Detection 2D

This article goes through the 2D detection methods covered in OD. Specifically, it covers the classes - od::g2d::ODHOGDetector through a tutorial.

2D detection methods are performed by the classes Detector2D. They accept a SceneImage and performs detection/recognition on them. Currently Detector2Ds are classified into g2d and l2d namespaces. g2d covers detection methods which uses global 2D features (like HOG/Cascade) while l2d covers detection methods which uses local 2D features (like SIFT/SURF/ORB) for detection/recognition. Different 2D detectors that are available currently: od::g2d::ODHOGDetector, od::g2d::ODCascadeDetector, od::g2d::ODFaceRecognizer, od::l2d::ODCADRecognizer2DLocal

HOG feature based detection

HOGDetector is a HOG feature based linear classifier. It accepts an image (od::ODSceneImage), computes its HOG feature (in a multiscale mannar for detectOmni() and a single descriptor from the resized image for detect()), runs a linear SVM obtained either by HOGTrainer through training or some default ones (from OpenCV), and informs if the classifier is true thereby providing detection.

A complete example including training is provided in examples/objectdetector/od_hog_train.cpp. For positive and negetive example get the data from the INRIA human dataset: http://pascal.inrialpes.fr/data/human/.
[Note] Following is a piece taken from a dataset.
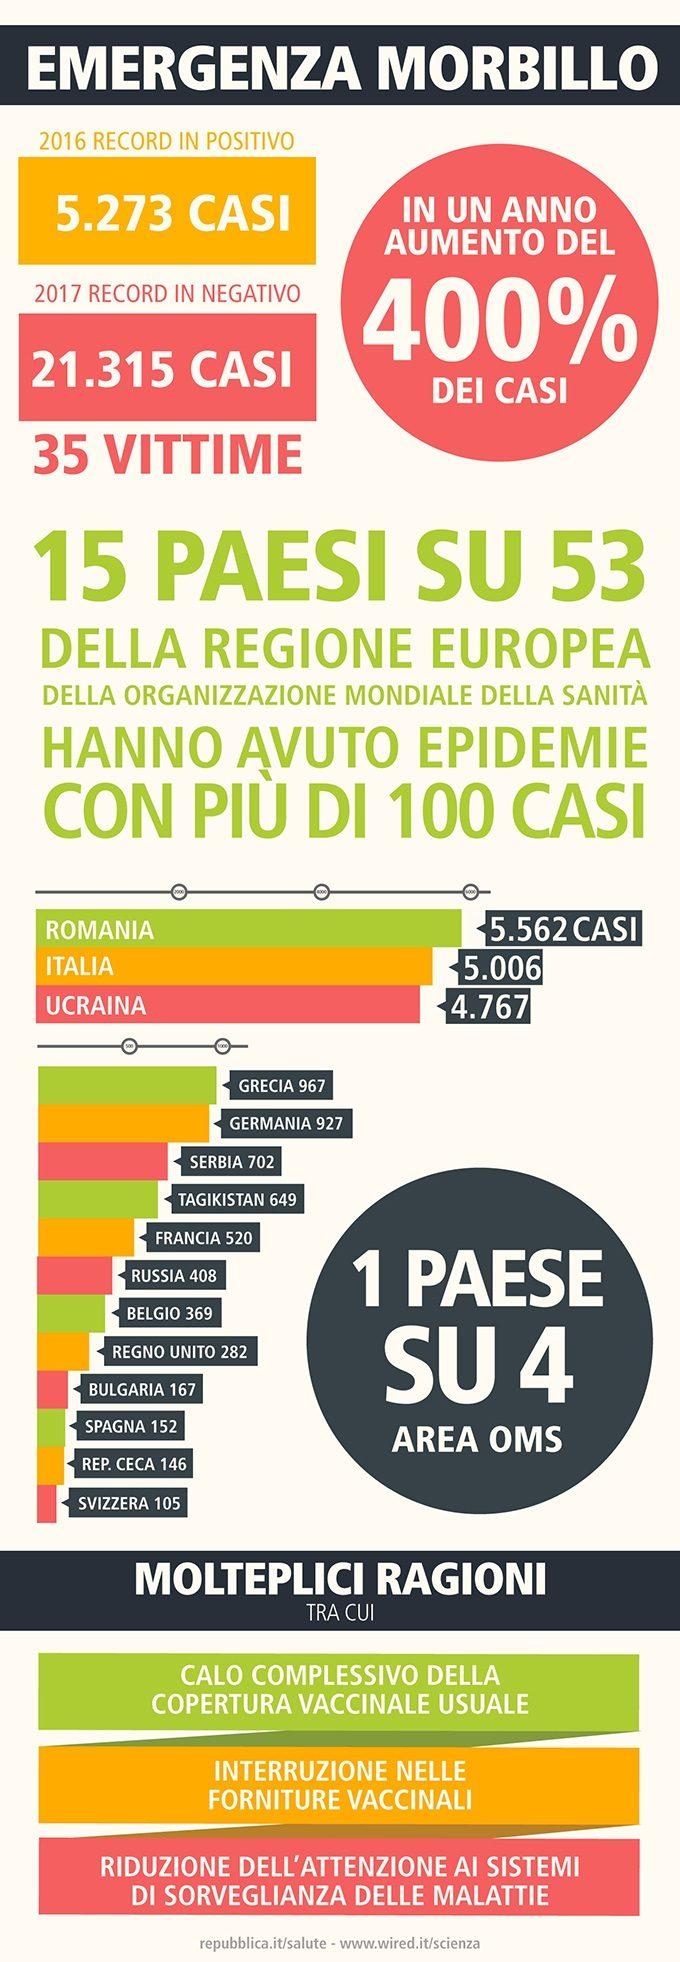 Emergenza Morbillo - Epidemie Morbillo Europa - INFOGRAFICA - Stampaprint

In this tutorial we will go through a more complete application in present in examples/apps/global2D/od_multihog_app.cpp. The code is provided here verbatime:

/** \brief Example of the usage of HOG detector
   *
   * \author Kripasindhu Sarkar
   *
   */
#include "detectors/global2D/detection/ODHOGDetector.h"
#include "common/utils/ODFrameGenerator.h"
#include "common/pipeline/ObjectDetector.h"
#include "common/pipeline/ODDetection.h"
using namespace od;
using namespace std;
cv::Size sizesingle(640, 480);
int main(int argc, char *argv[])
{
  std::string trained_data_dir(argv[1]), input_video(argv[2]), output_video = "output.avi";
  if (argc > 3) output_video = argv[3];
  //get 3 detectors of different types
  vector<string> messages; messages.push_back("Original");
  vector<g2d::ODHOGDetector*> detectors;
  g2d::ODHOGDetector *detector1 = new g2d::ODHOGDetector; //
  messages.push_back("OpenCV Default People"); detectors.push_back(detector1);
  g2d::ODHOGDetector *detector2 = new g2d::ODHOGDetector; detector2->setSvmtype(g2d::ODHOGDetector::OD_DAIMLER_PEOPLE);
  messages.push_back("OpenCV Daimler People"); detectors.push_back(detector2);
  g2d::ODHOGDetector *detector3 = new g2d::ODHOGDetector(trained_data_dir);
  messages.push_back("Custom HOG from trained data"); detectors.push_back(detector3);
  //init all detectors
  for (int i = 0; i < detectors.size(); i++) detectors[i]->init();
  //get scenes
  od::ODFrameGenerator<od::ODSceneImage, od::GENERATOR_TYPE_DEVICE> frameGenerator(input_video); 
  cv::VideoWriter videoWriter(output_video, CV_FOURCC('M','J','P','G'), 25, sizesingle * 2, true);
  //GUI
  cv::namedWindow("Overlay", cv::WINDOW_NORMAL);
  while(frameGenerator.isValid() && cv::waitKey(33) != 27)
  {
    od::ODSceneImage * scene = frameGenerator.getNextFrame();
    vector<cv::Mat> images_to_show;
    images_to_show.push_back(scene->getCVImage()); //push the first image
    //detect 3 times
    for (int i = 0; i < detectors.size(); i++)
    {
      ODDetections2D *detections =  detectors[i]->detectOmni(scene);
      if(detections->size() > 0)
        images_to_show.push_back(detections->renderMetainfo(*scene).getCVImage());
      else images_to_show.push_back(scene->getCVImage());
    }
    cv::Mat multiimage = makeCanvasMultiImages(images_to_show, sizesingle, messages);
    cv::imshow("Overlay", multiimage);
    videoWriter << multiimage;
    delete scene;
  }
  return 0;
}

Data

This app compares the results of HOG based detection with three different trained classifiers. For this app you need a pre-trained hog descriptor in your trained_data directory. You can either train as in examples/objectdetector/od_hog_train.cpp, or get the OD pre-trained data from the Data Repository.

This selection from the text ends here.